Monday, January 26, 2009

Change may put the wi in Wikipedia

Wikipedia is one of the great online innovations of recent years. The online encyclopedia lets you - yes, you - edit entries.

But this concept has been slowly chiseled away at by domineering volunteer admins who instantly revert any edit they disagree with. I'll let you guess what political affiliation many of these admins are. Here's a hint: They ain't exactly leftists.

I'm certain this is a deliberate effort by right-wing operatives to turn Wikipedia into another revisionist retelling of The World According To Conservatives. Not a shadow of a doubt about it.

Now, after Wikipedia was hit by yet another campaign of right-wing misinformation, what's Wikipedia's response?

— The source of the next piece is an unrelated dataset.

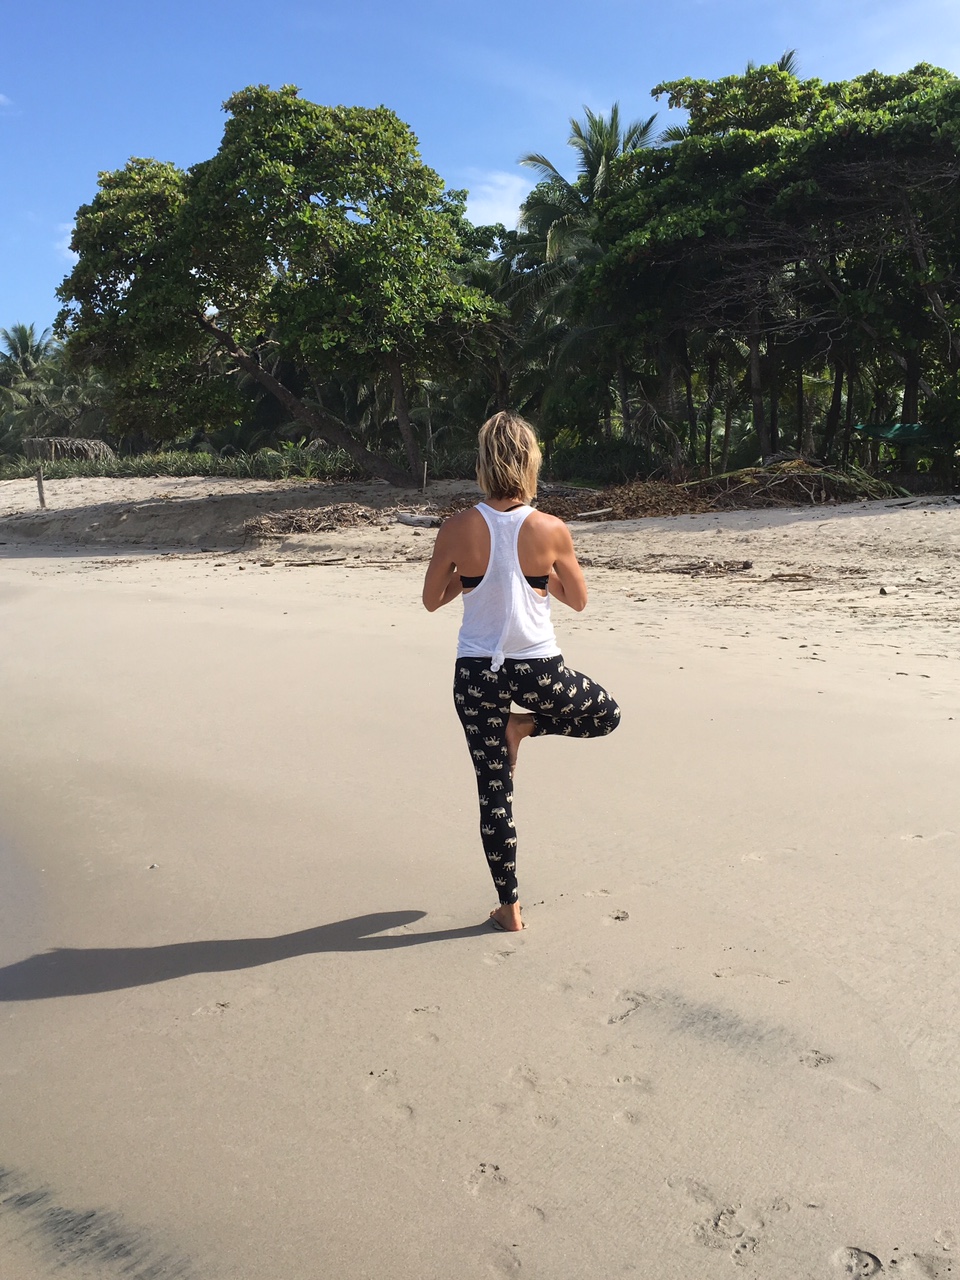 Yoga pose on a beach

Welp, now Wikipedia is proposing giving these rogue admins even more power!

Under this proposal, only "trusted users" would see their edits appear immediately. Everyone else would have their edits vetted by the volunteer admins - many of whom helped create the crisis that this proposal is supposed to solve.

Doesn't this defeat the whole purpose of Wikipedia? Wikipedia exists for the public to edit - not for right-wing elites to censor information. If I wanted a filtered right-wing resource, I'd just turn on almost any TV talk show these days.

Wikipedia head honchos say a poll shows that 60% of the website's users favor such a change. But where was the poll? The poll sure as shit wasn't anywhere I could see it.

What Wikipedia ought to do is curtail the power of these volunteer admins - not expand it. Wikipedia was much more accurate and detailed several years ago before the right-wing intelligentsia learned it could infiltrate it. The last thing Wikipedia needs is to let the infiltrators win.